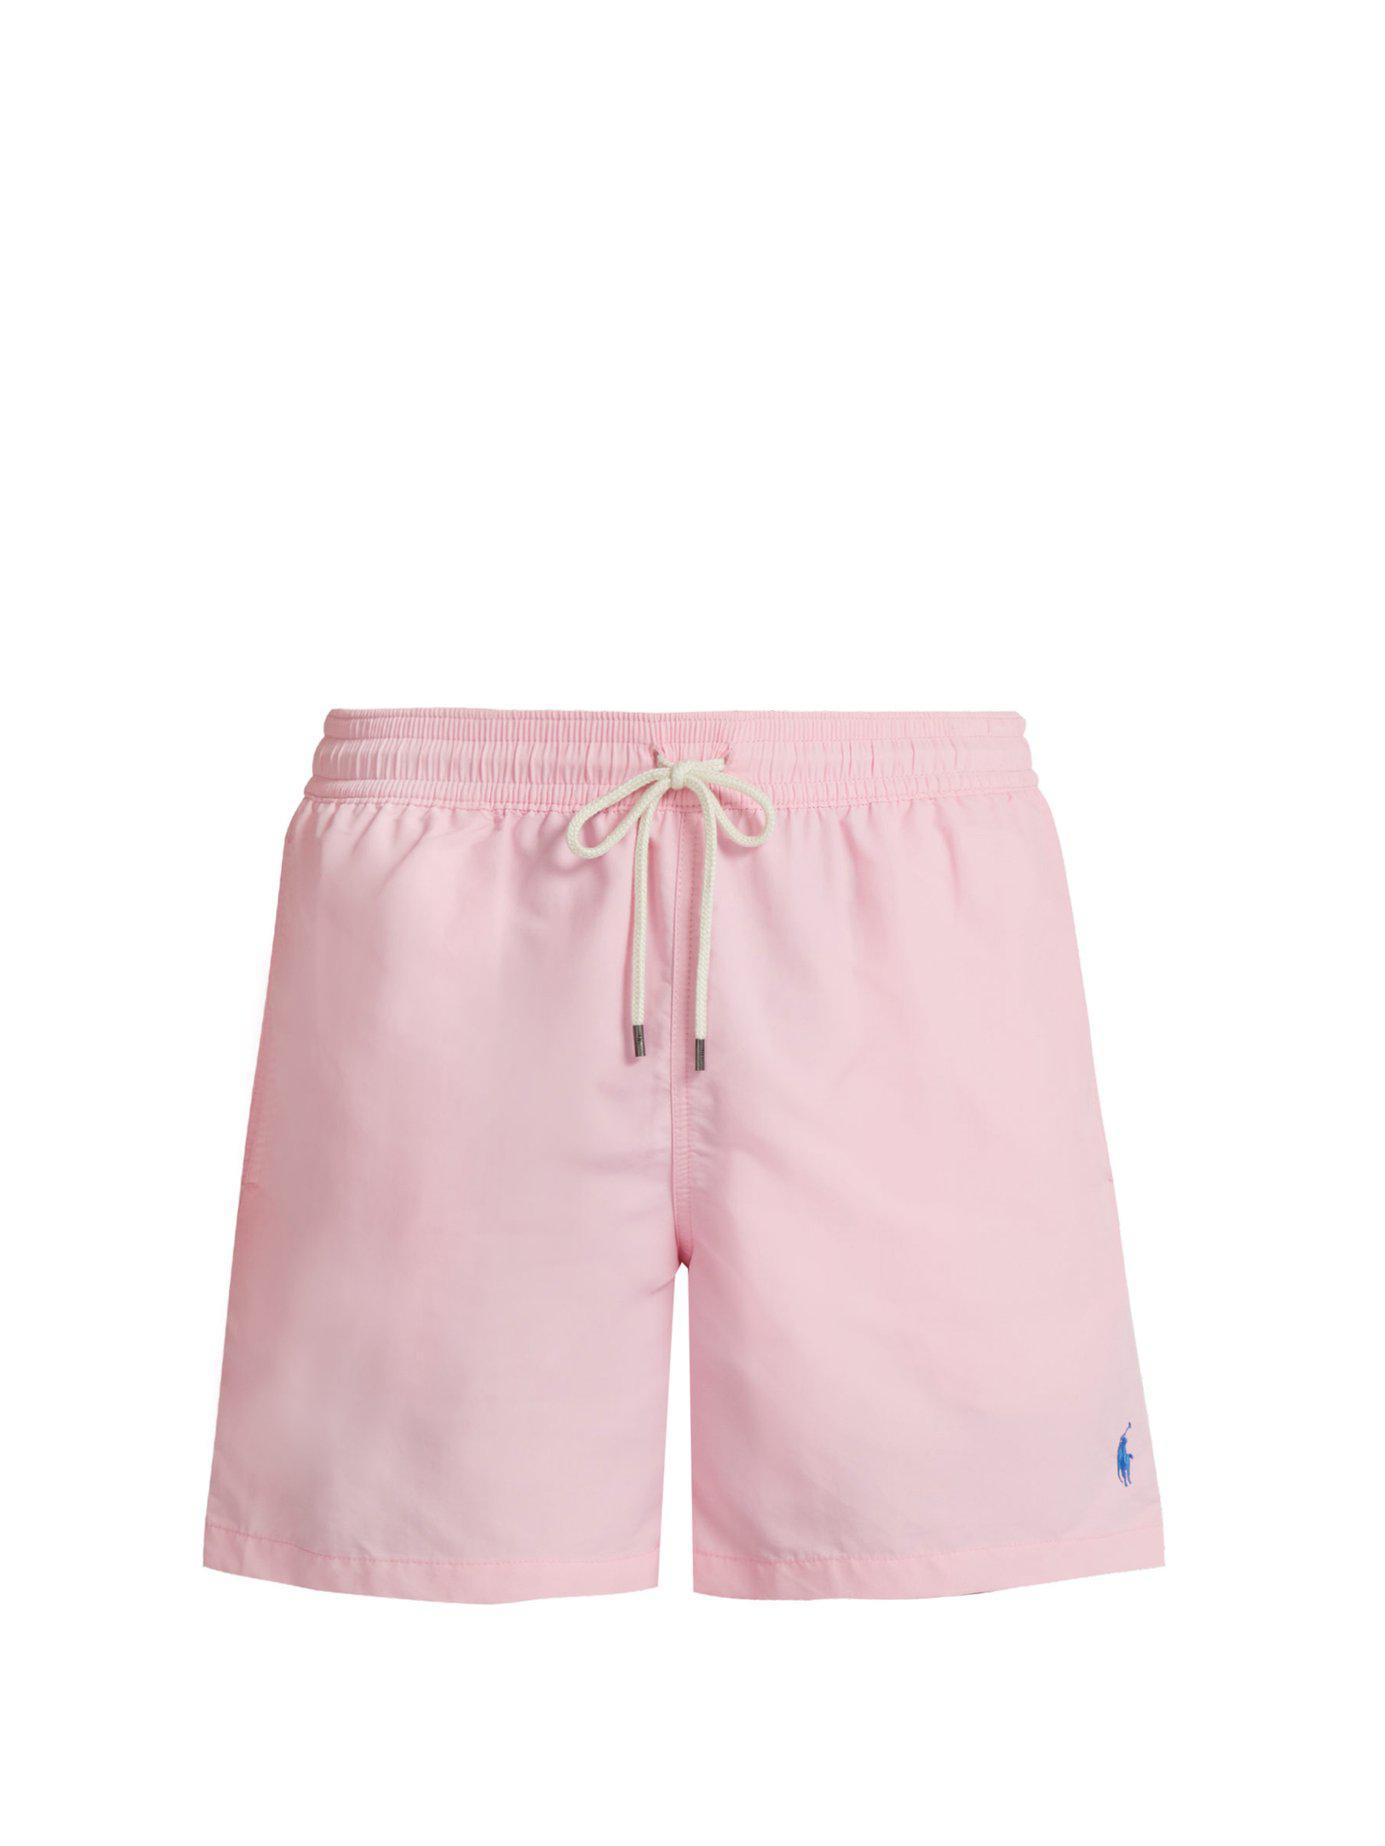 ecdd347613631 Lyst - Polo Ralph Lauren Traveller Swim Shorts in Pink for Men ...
==
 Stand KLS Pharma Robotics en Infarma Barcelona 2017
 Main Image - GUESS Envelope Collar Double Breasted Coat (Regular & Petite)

■ Exercise description ■
Write out exactly the lines above between the line with "Stand KLS Pharma" and the line with "Main Image - GUESS", inclusive, and nothing beyond them.

■ Written answer ■
 Stand KLS Pharma Robotics en Infarma Barcelona 2017
 Main Image - GUESS Envelope Collar Double Breasted Coat (Regular & Petite)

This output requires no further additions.